He signed with the Houston Texans for a 3-year, $9 million deal on March 1, 2009. He was beaten out by Rex Grossman for the backup quarterback position during the preseason, and served as the Texans number three quarterback. After the 2009 season, Grossman signed a one-year contract with the Washington Redskins, making Orlovsky the backup quarterback for the Texans.

===Indianapolis Colts===
He signed with the Indianapolis Colts as a free agent on July 30, 2011. He was one of the final cuts as NFL teams trimmed their rosters to 53. The Colts later re-signed Orlovsky on September 27, 2011. He was named the starter over the benched Curtis Painter on November 30, 2011. The next week, Orlovsky went on to complete 30 of 37 passes, with 353 yards, 2 touchdowns, and 1 interception, for a total passer rating of 113.1 in his first start as a Colt against the New England Patriots, in a 31–24 loss.

On December 18, 2011, Orlovsky and the Colts won their first game of the season (after starting 0–13) against the Titans. This was Orlovsky's first official win as a starter in the NFL. On December 22, 2011, Orlovsky led the Colts on a 12-play, 78-yard drive in a comeback victory over the 10–4 Houston Texans with less than two minutes remaining in the game.

===Tampa Bay Buccaneers===
On March 15, 2012, the Tampa Bay Buccaneers signed Orlovsky to a two-year contract. On April 4, 2013, Orlovsky was cut by the Buccaneers. On April 8, 2013, four days after being cut, Orlovsky re-signed with the Buccaneers.

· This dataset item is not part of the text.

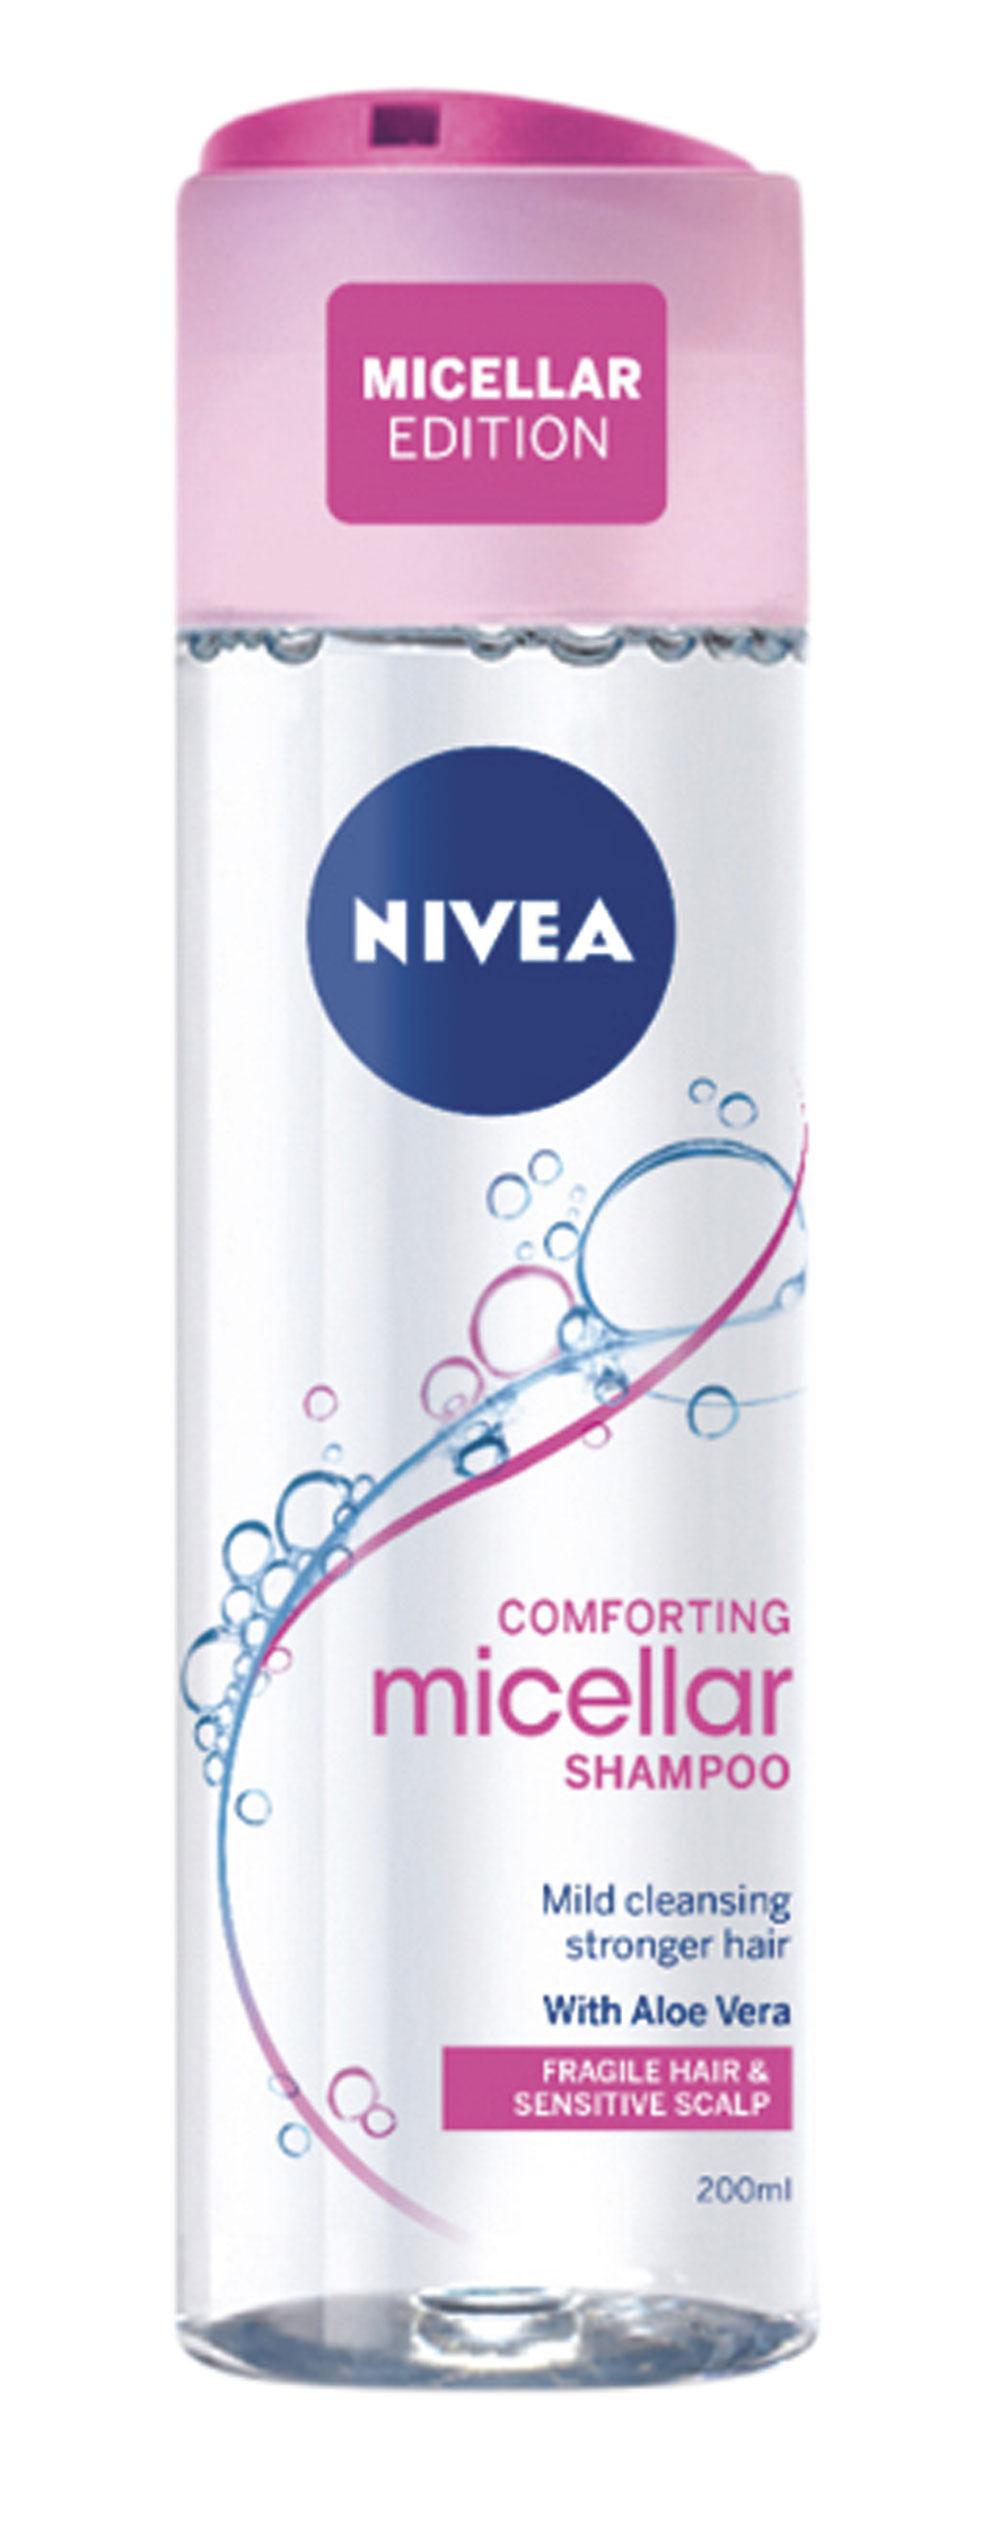 Comforting Micellar Shampoo (5,39 euro), Nivea.

===Detroit Lions (second stint)===
On April 2, 2014, the Lions signed Orlovsky as their backup quarterback to Matthew Stafford. On March 2, 2015, the Lions re-signed Orlovsky to a one-year contract. In a game against the Cardinals, Orlovsky came in for a struggling Stafford, and threw for 191 yards, a touchdown, and an interception.

On March 11, 2016, the Lions re-signed Orlovsky as their primary backup quarterback to Stafford.

===Los Angeles Rams===
On July 20, 2017, Orlovsky signed with the Los Angeles Rams. He was released by the Rams on September 2.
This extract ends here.